Kristalina Georgieva, directrice générale du International Monetary Fund, a déclaré aux dirigeants financiers du G20 que les coûts d'emprunt augmentent plus rapidement que prévu. Le 10‑year UK gilt a grimpé à environ 5.27%, un niveau jamais atteint depuis la crise de 2008, après un bond de 15 points de base la veille. Simultanément, l’obligation indienne à 10 ans a dépassé 7% et celle de l’Australie a atteint un sommet de 15 ans au‑dessus de 5.2%.
Des rendements plus élevés signifient que les gouvernements doivent affecter une plus grande part de leurs budgets aux paiements d’intérêts, laissant moins de ressources aux services publics ou à l’investissement.

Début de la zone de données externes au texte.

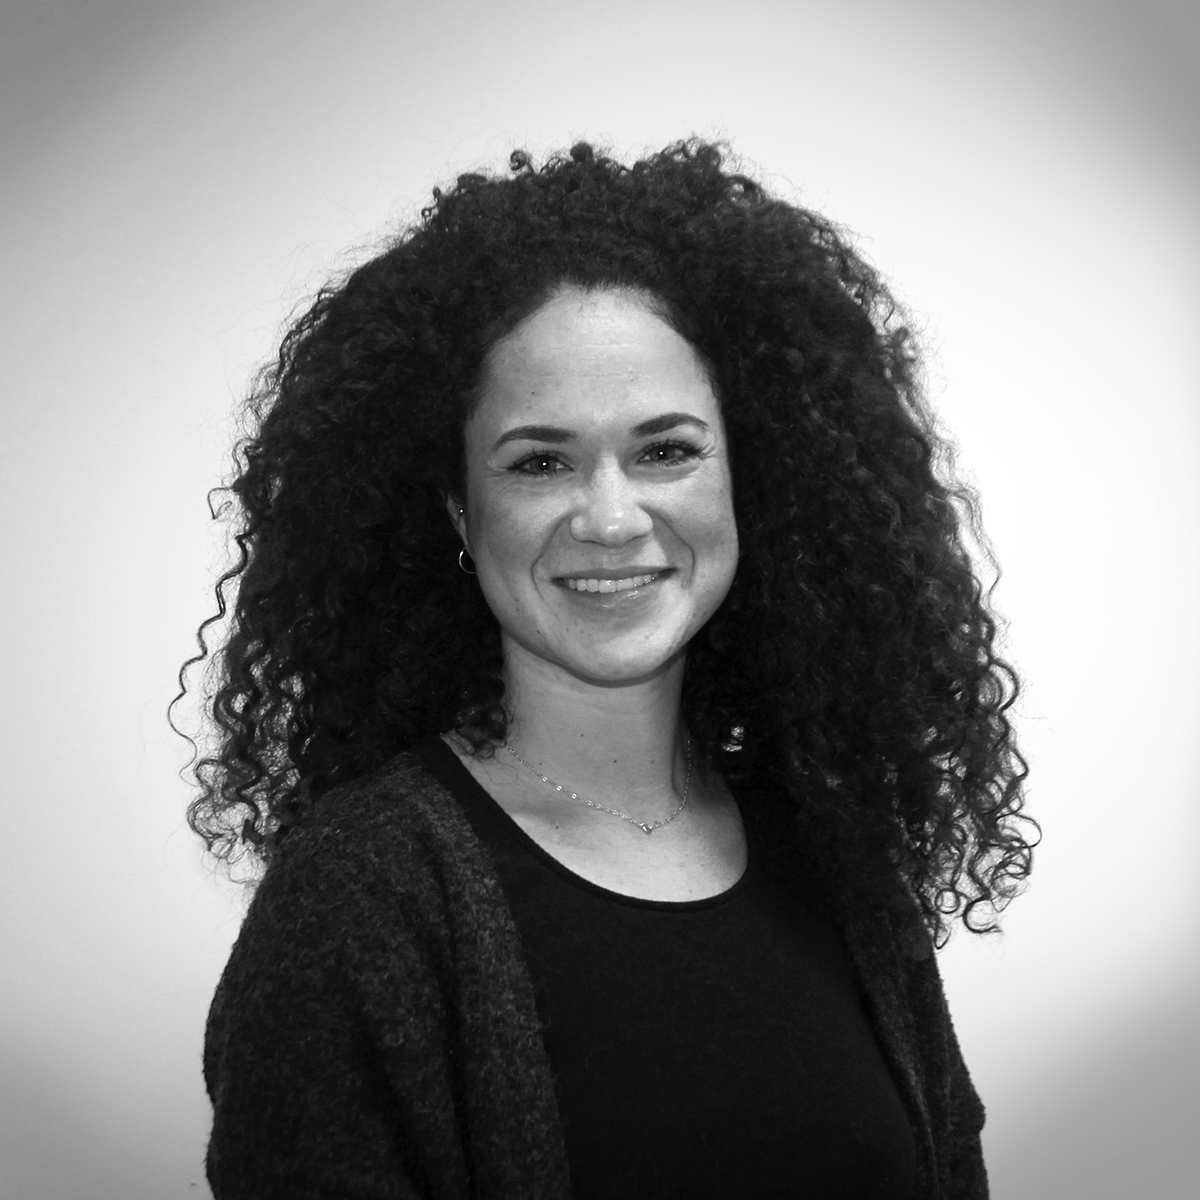 Nadine Arce Haanraadts

Au UK, le moment est particulièrement délicat car le chancelier John Healey doit présenter son premier budget à la fin octobre.
« L’augmentation des taux d’intérêt mondiaux est particulièrement préoccupante, » a déclaré Georgieva lors de la réunion.
Elle a ajouté que, bien que les conditions d’endettement se soient améliorées pour de nombreuses économies émergentes et à faible revenu, le récent pic des rendements dans les économies avancées pourrait inverser cette tendance à moins que les décideurs n’agissent avec prudence.
Les marchés de l’énergie ont ajouté de la pression après que les approvisionnements en pétrole et gaz ont été perturbés par le conflit en Iran. Le Brent crude a dépassé $95 le baril, son niveau le plus élevé depuis près de six semaines, entraînant une hausse de l’inflation et suscitant des inquiétudes quant à la nécessité pour la Bank of England d’augmenter les taux.
L’analyste Chris Beauchamp d’IG a averti que la vente massive d’obligations pourrait réduire de plusieurs milliards l’enveloppe budgétaire laissée par l’ancienne chancelière Rachel Reeves. « Les gouvernements du monde entier ressentent la pression des marchés obligataires, mais la situation est particulièrement aiguë pour le UK », a‑t‑il déclaré, soulignant que le coût des réformes ambitieuses pourrait incomber aux contribuables.
Le plan de croissance « triple helix » proposé par Andy Burnham, qui place l’État au centre de l’économie, devra désormais composer avec des coûts d’emprunt plus élevés. Pour plus de détails sur ce plan, consultez Burnham pitches ‘triple helix’ growth plan.
Les marchés s’attendent à ce que le gouvernement du UK resserre ses prévisions fiscales et éventuellement retarde ou réduise les programmes de dépenses. La Bank of England pourrait également se sentir obligée d’augmenter les taux si l’inflation demeure tenace, ce qui augmenterait davantage les coûts de service de la dette.
Les économies émergentes qui ont bénéficié de coûts d’emprunt plus bas pourraient voir leurs conditions de financement se resserrer, incitant à un réexamen des stratégies de gestion de la dette. L’avertissement du IMF souligne la nécessité d’une discipline politique et de réserves budgétaires plus solides à tous les niveaux.
Pour un examen plus approfondi de l’impact de la récente hausse des UK gilt sur le fardeau de la dette du UK, lisez UK gilt yields hit 18‑year high, adding £6bn to debt cost.